Provided material:
= = =

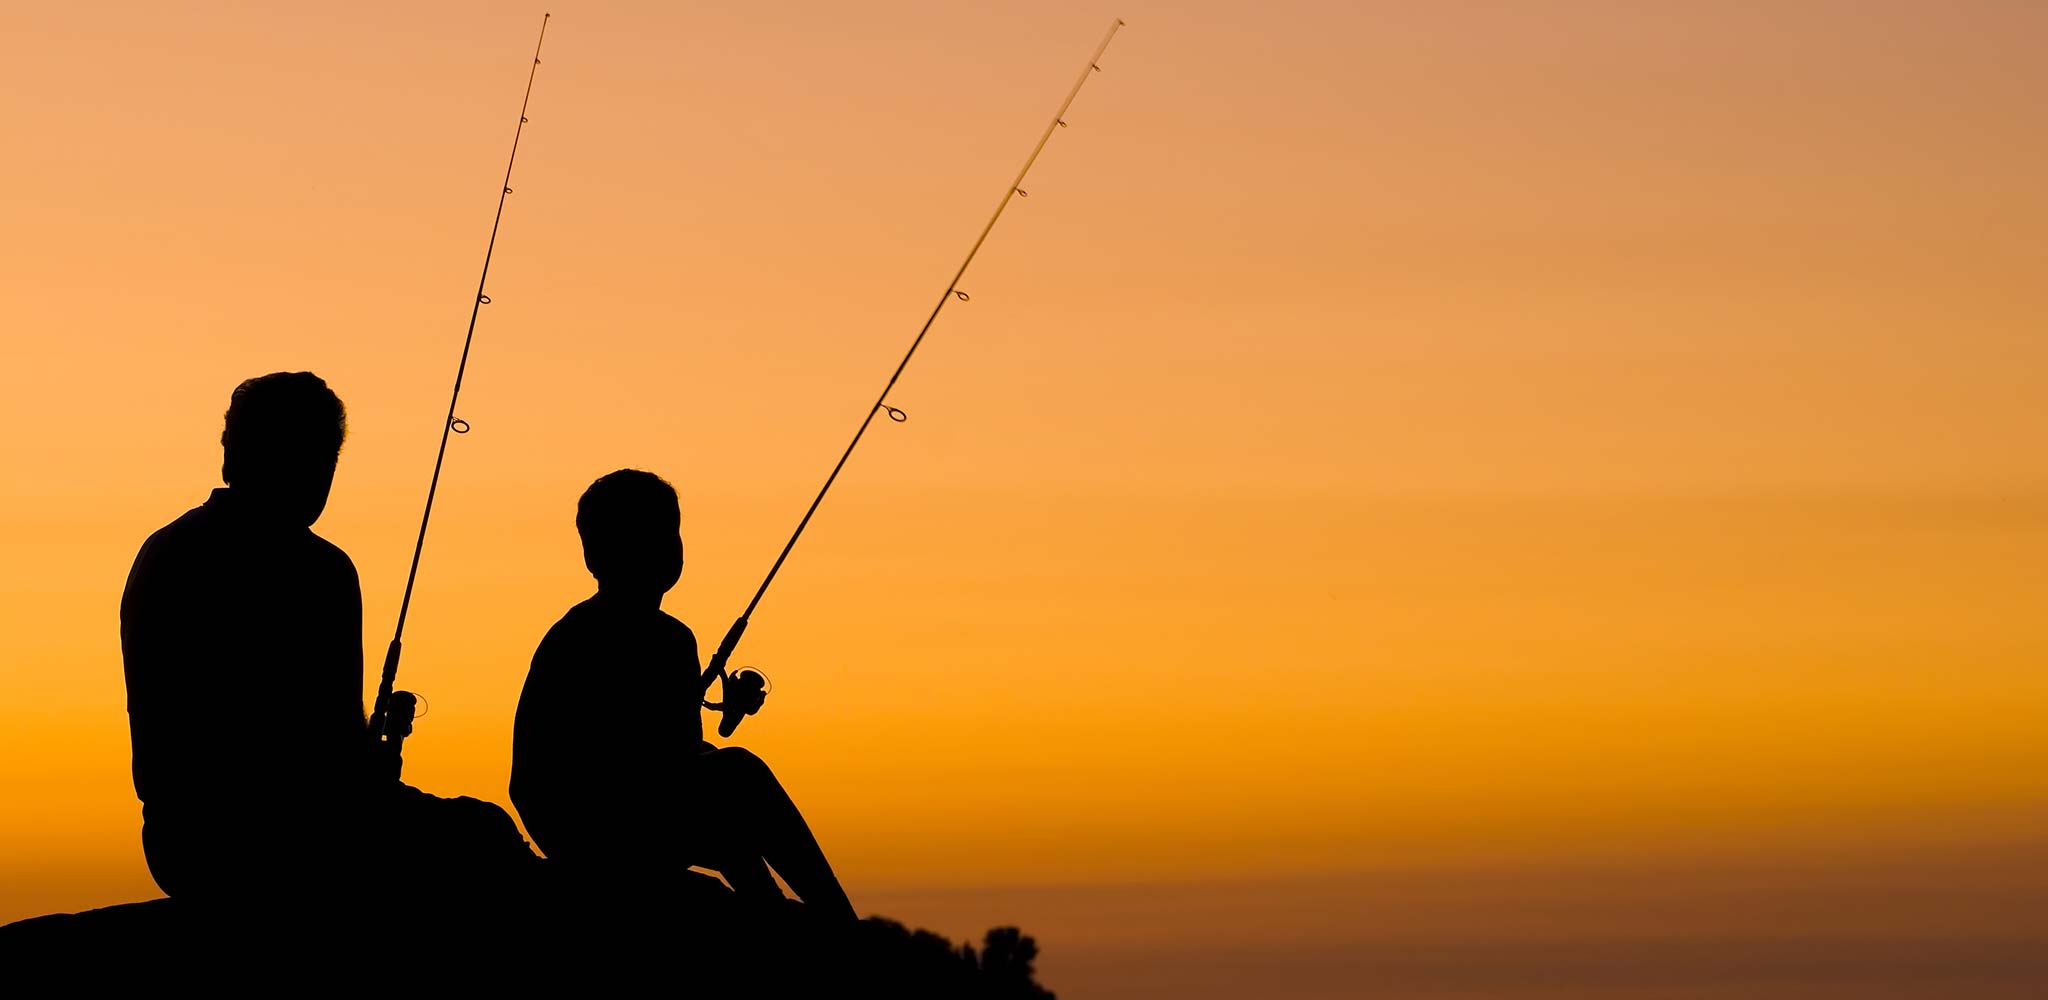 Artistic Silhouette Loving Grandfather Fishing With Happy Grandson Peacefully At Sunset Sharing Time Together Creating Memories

= = =

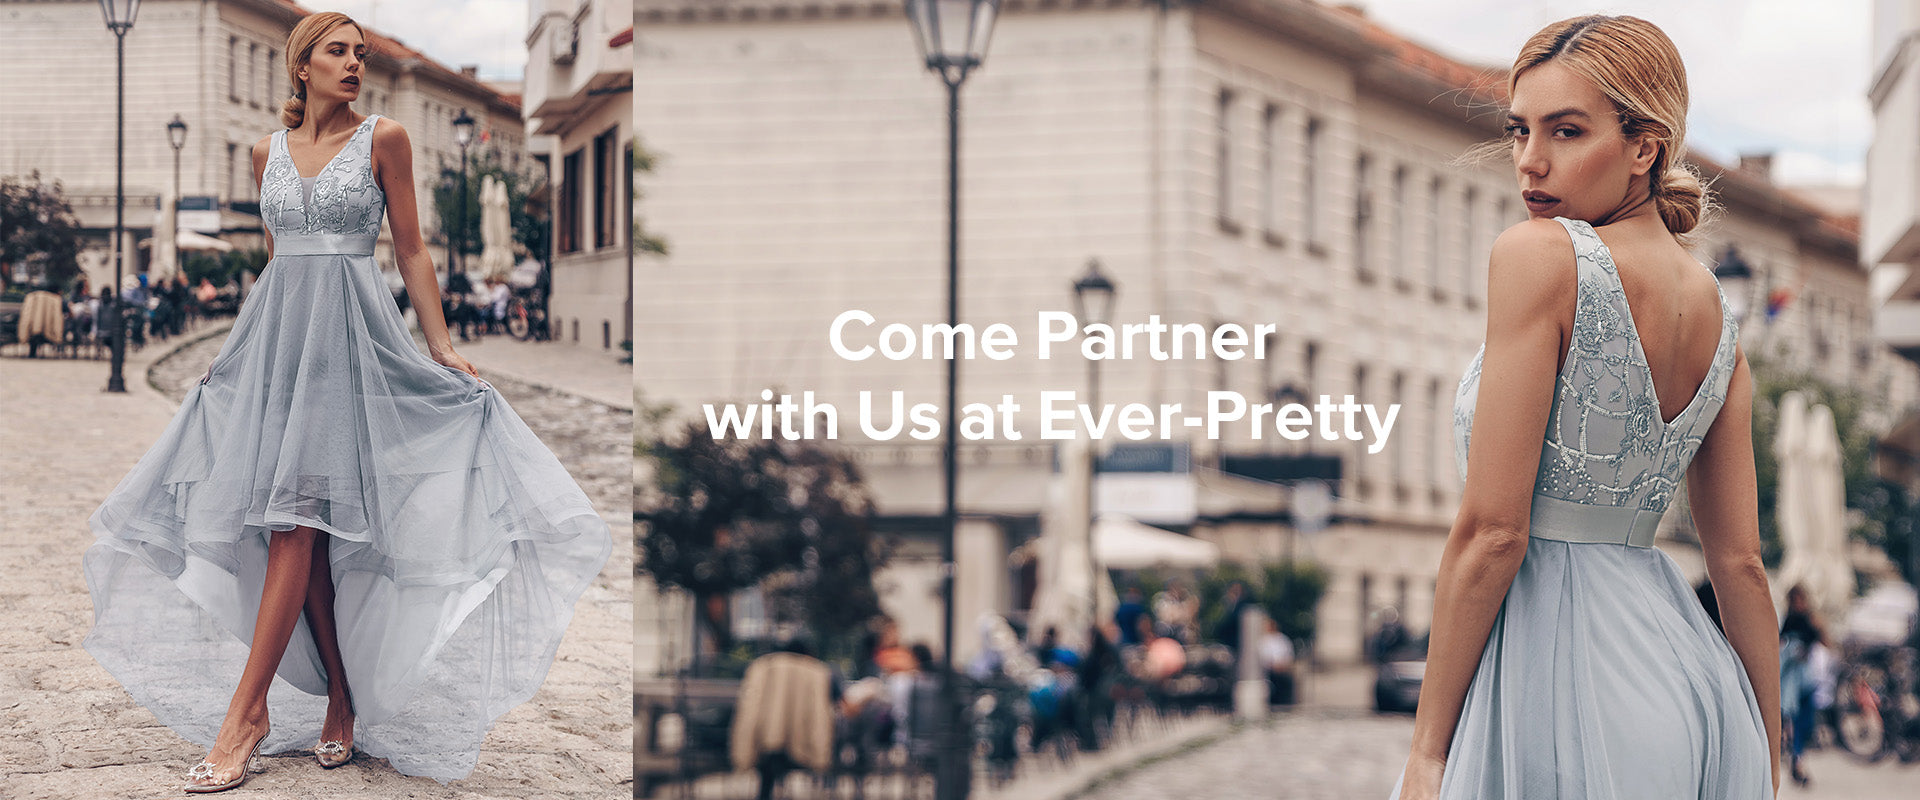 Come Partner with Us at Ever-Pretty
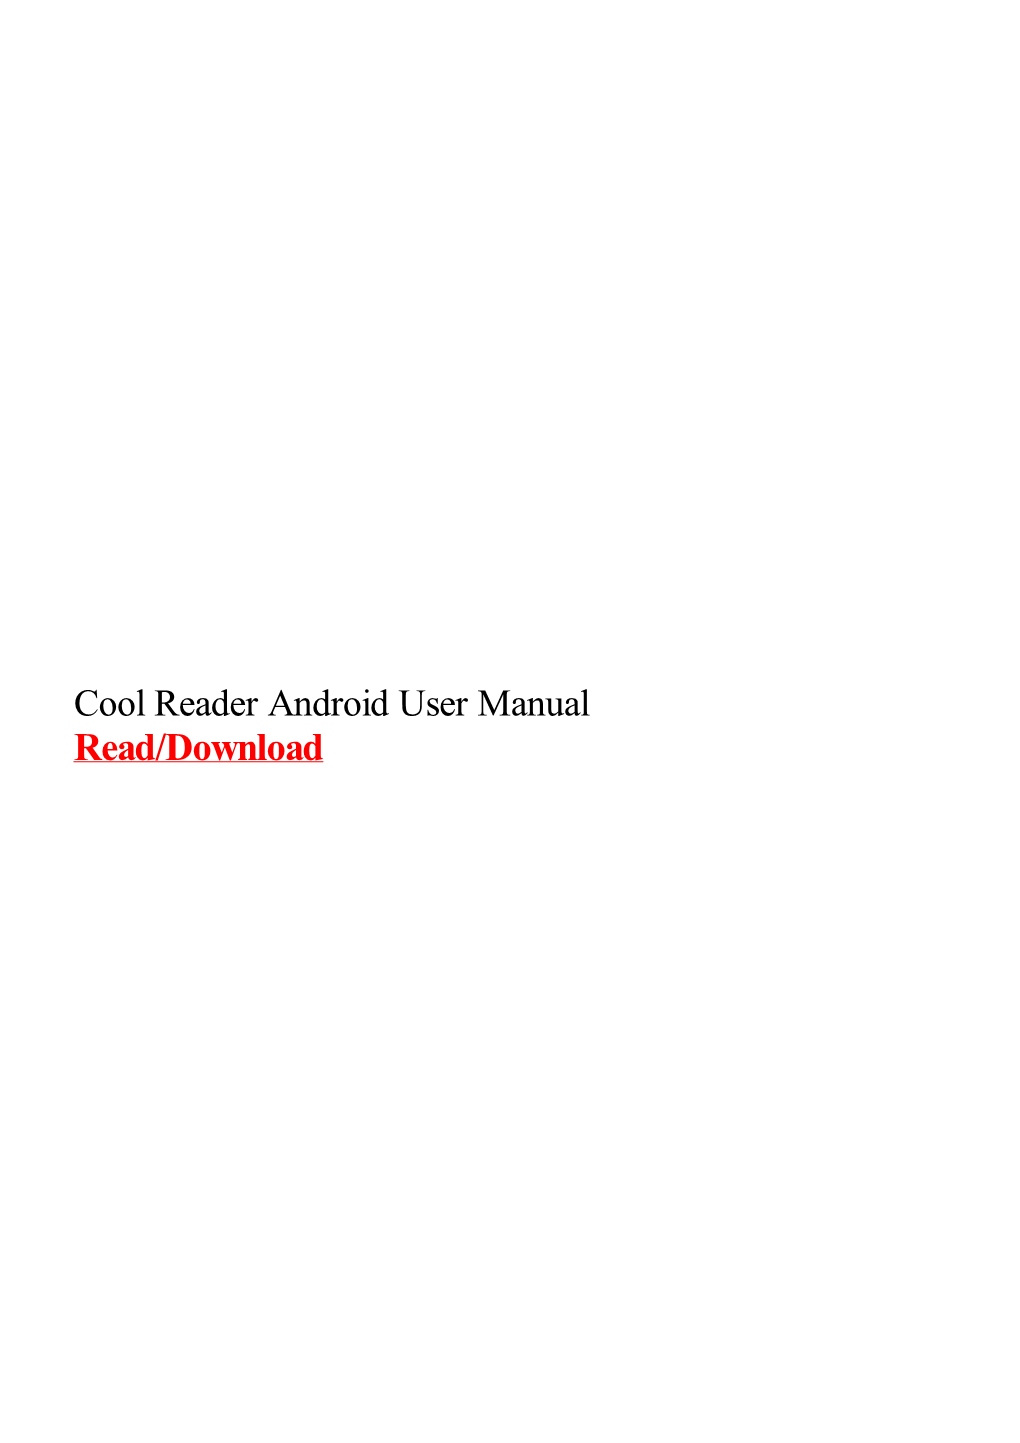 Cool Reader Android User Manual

= = =

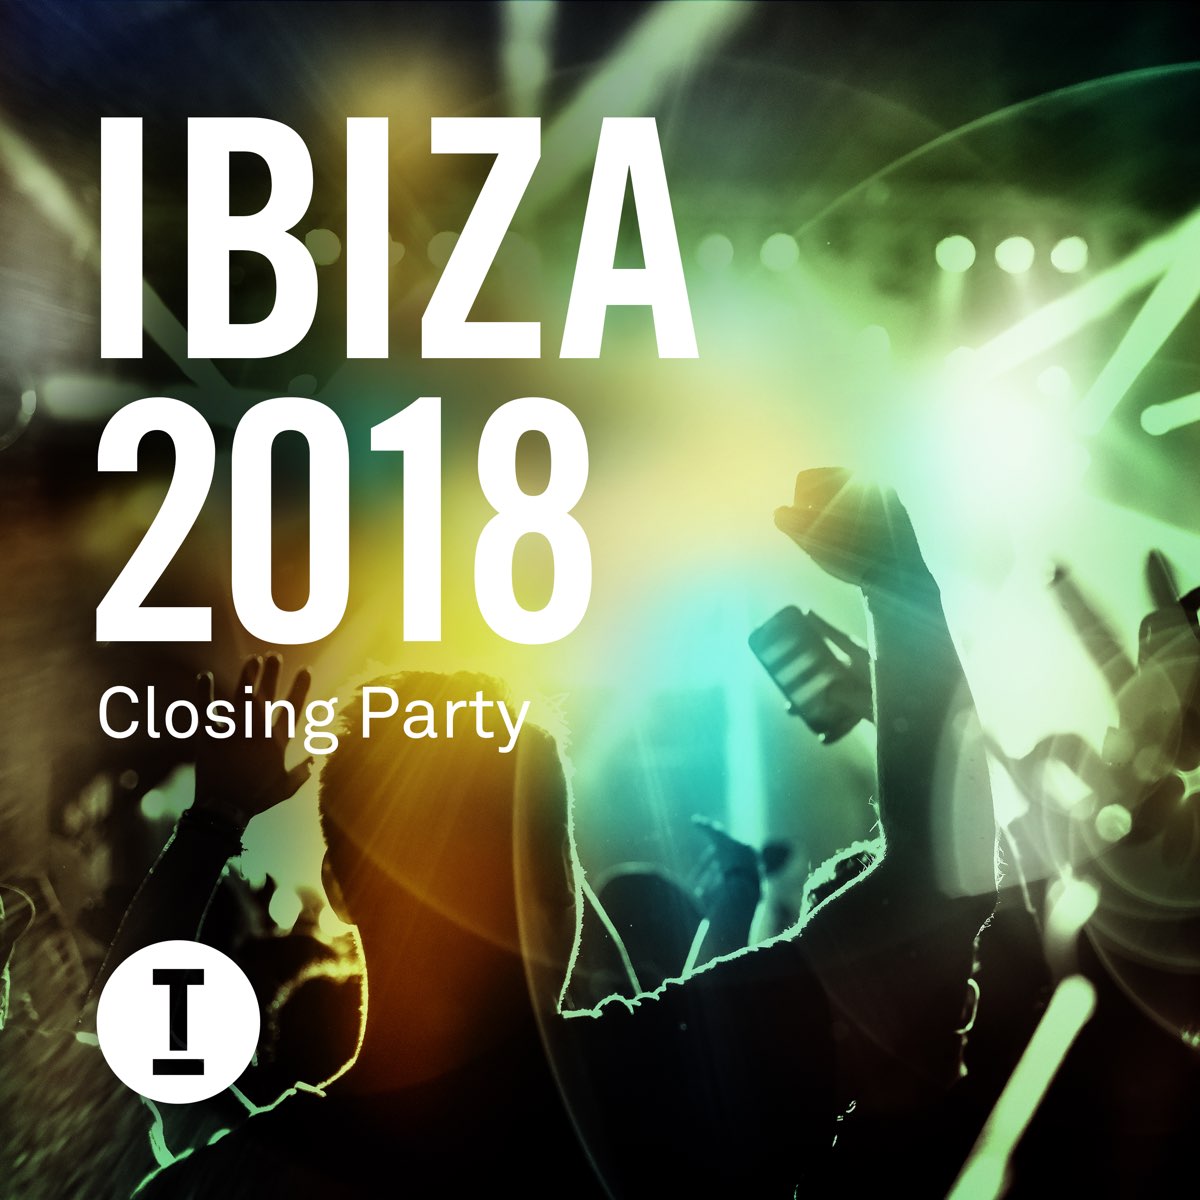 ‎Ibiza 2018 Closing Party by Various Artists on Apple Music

= = =

Problem statement: Given the records above, return the lines starting at the one that holds "Come Partner with Us at Ever-Pretty" and ending at the one that holds "Cool Reader Android User Manual", exactly, and nothing besides; leave every picture out.

Exercise response:
 Come Partner with Us at Ever-Pretty
 Cool Reader Android User Manual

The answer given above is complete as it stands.